Three young girls died early today from burns and smoke inhalation after fired destroyed the North Monroe Street rowhouse in which they were sleeping.
A fourth girl was listed in critical condition at the University of Maryland Medical Center.
Two adults, believed to be the parents, were in serious condition after suffering burns, injuries and smoke inhalation.
Fire Department spokesman Capt. Hector Torres said the cause of the fire was not known, but it probably had smoldered a long time before erupting. He said the likely cause was careless smoking or candles.
The captain said early today investigators were having problems identifying and getting ages of the young victims because probers were not able to talk with close relatives.
Captain Torres said the family moved into the house in the 200 block of N. Monroe St. last week without permission while it was up for sale, and all utilities were turned off.
He said the fire began shortly after 3 a.m. in an area on the first floor between the first-floor living room and the dining room near the stairs leading to the second floor.
He said the flames raced up the stairs like smoke up a chimney, trapping the four children as they slept on a mattress.
"They never had a chance," Captain Torres said.
By the time firefighters reached the children, each had gone into full cardiac arrest and had inhaled large amounts of smoke.
Two children were taken to St. Agnes Hospital and two went to the University of Maryland Medical Center. Two at St. Agnes and one at University were pronounced dead about 4 a.m.
The fourth child remained in critical condition at University.
As the house filled with flames and heavy smoke, a woman jumped from the second-floor front window. She was taken to the Maryland Shock Trauma Center for treatment of severe smoke inhalation.
The man, who sustained multiple injuries and burns to the arms and hands, jumped from a second-floor rear window onto the porch of his neighbor and was taken to the regional burn unit at the Francis Scott Key Medical Center.

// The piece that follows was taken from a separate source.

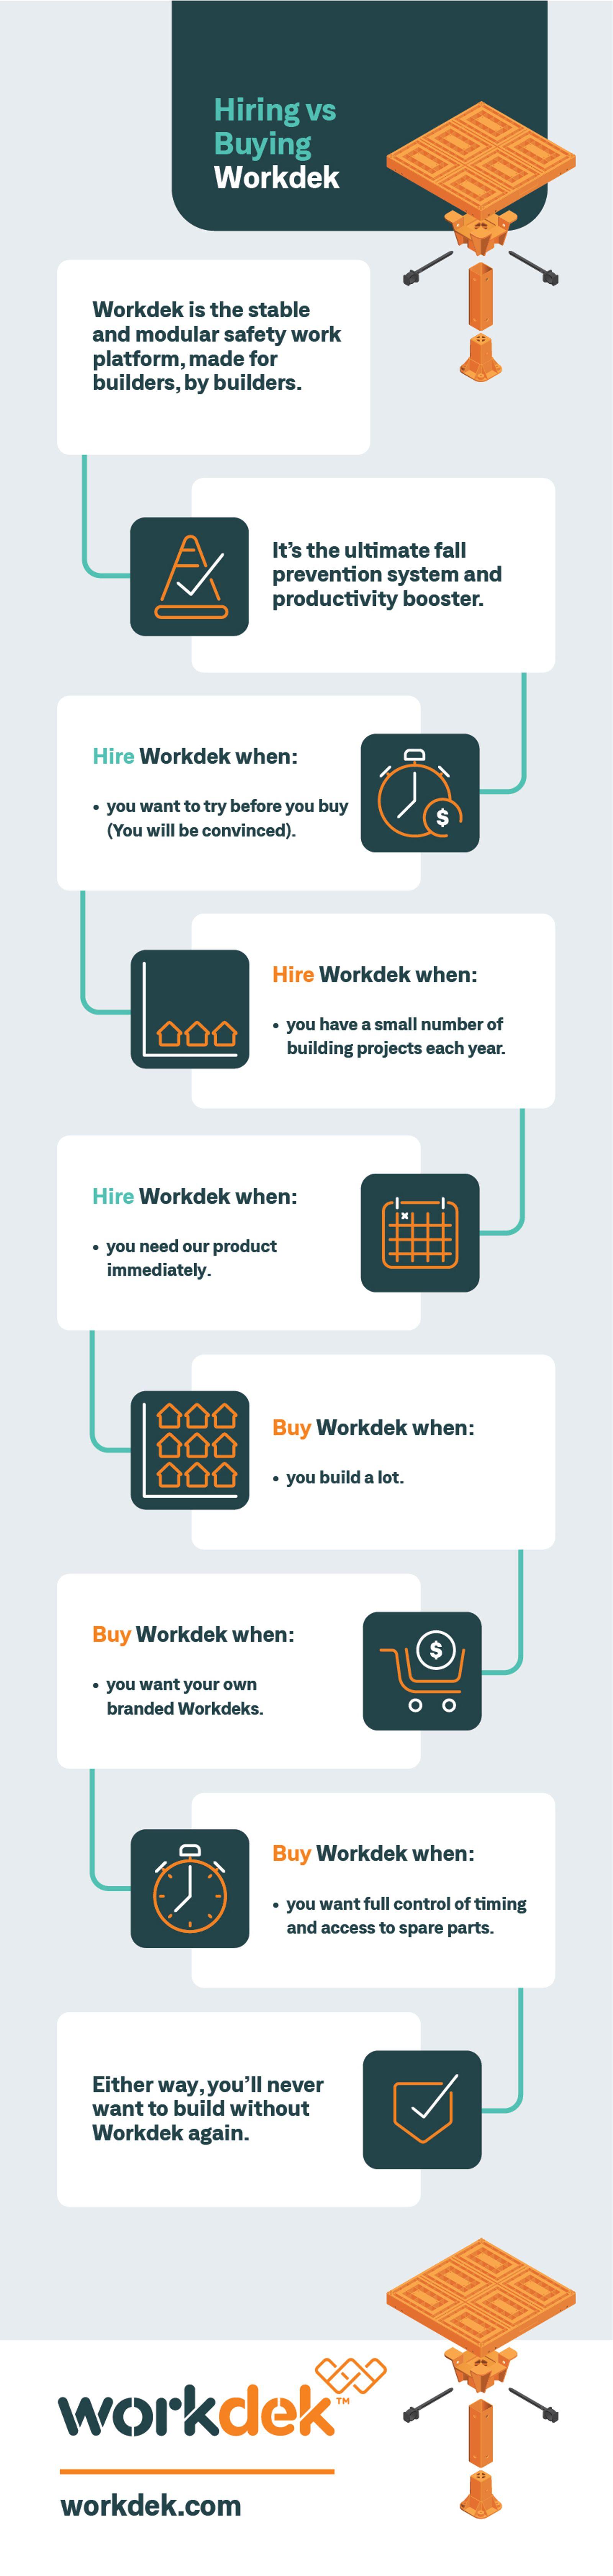 Hiring vs Buying Workdek.

The neighbor, Theodore Daniels, said he was asleep when the man began banging on his back door.
"When I let him in," Mr. Daniels said, "I saw skin peeling off his hands and he was in terrible shape."
Officer Roderick Henry of the Western District arrived on the scene while the house was in flames.
"The woman was lying on the ground yelling and it was impossible for me to try to get into the house," Officer Henry said.